[Work to be completed] There is one span to output from the data below: the lines starting at the line with "Donuts 2, 15 x UHQ JPEG" and ending at the line with "Feuerzeug - Yves". Output it exactly, ends included, nothing more.

[Dataset]

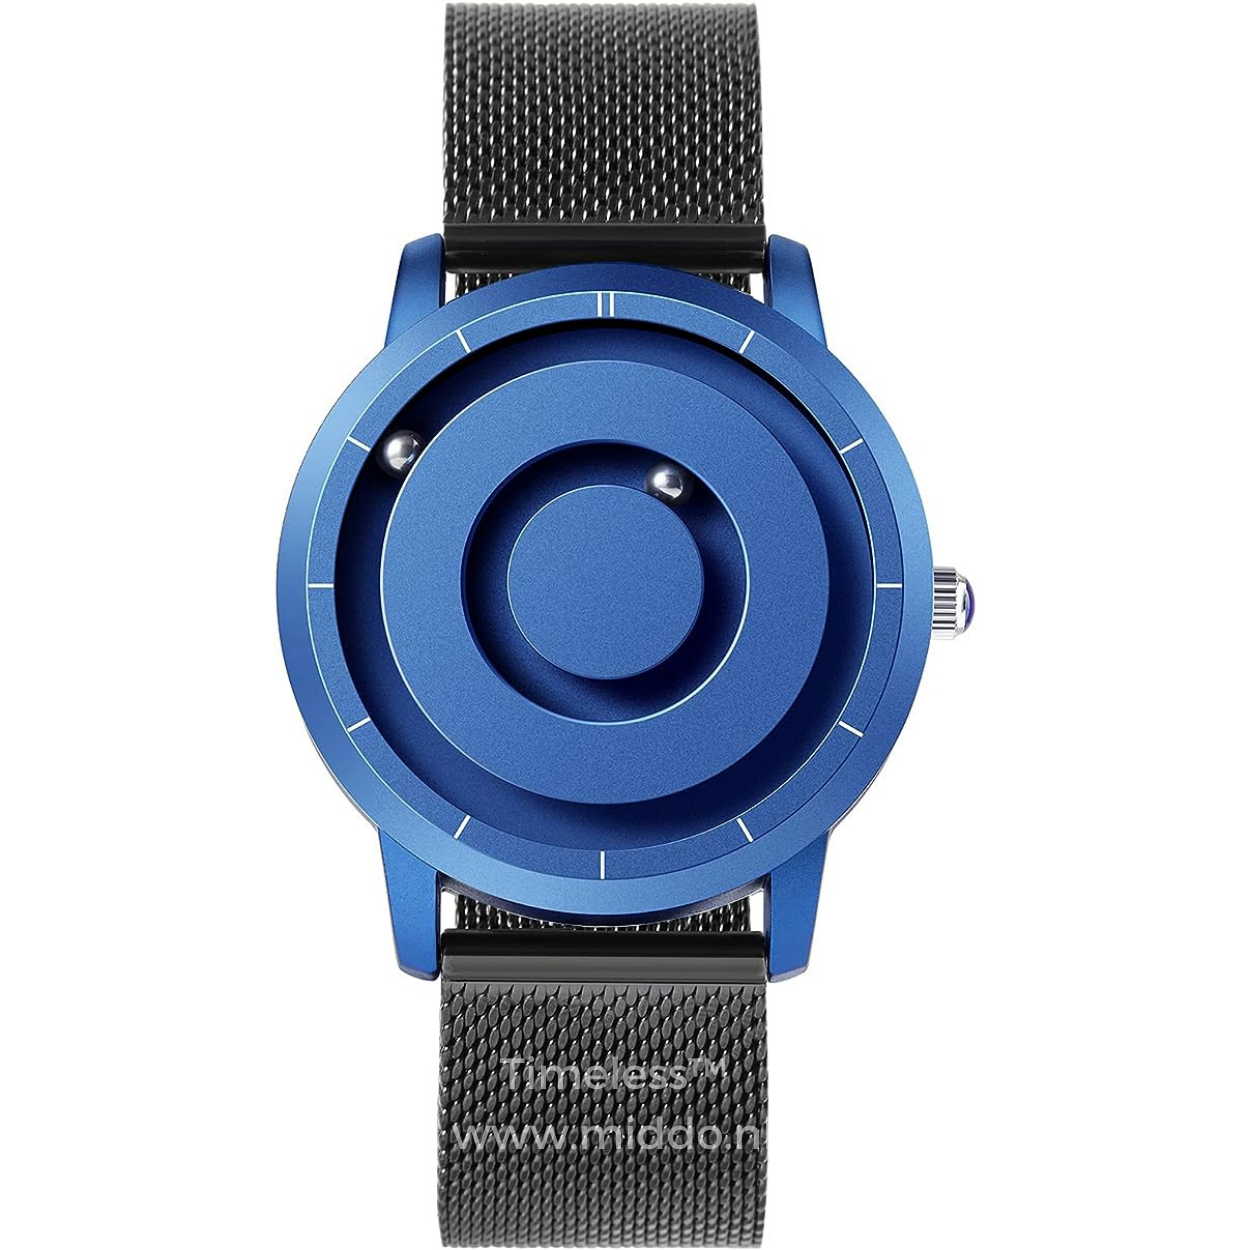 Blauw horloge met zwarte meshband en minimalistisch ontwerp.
...
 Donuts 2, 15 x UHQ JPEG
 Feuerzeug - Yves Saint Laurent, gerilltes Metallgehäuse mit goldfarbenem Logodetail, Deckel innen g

[Answer to this exercise]
 Donuts 2, 15 x UHQ JPEG
 Feuerzeug - Yves Saint Laurent, gerilltes Metallgehäuse mit goldfarbenem Logodetail, Deckel innen g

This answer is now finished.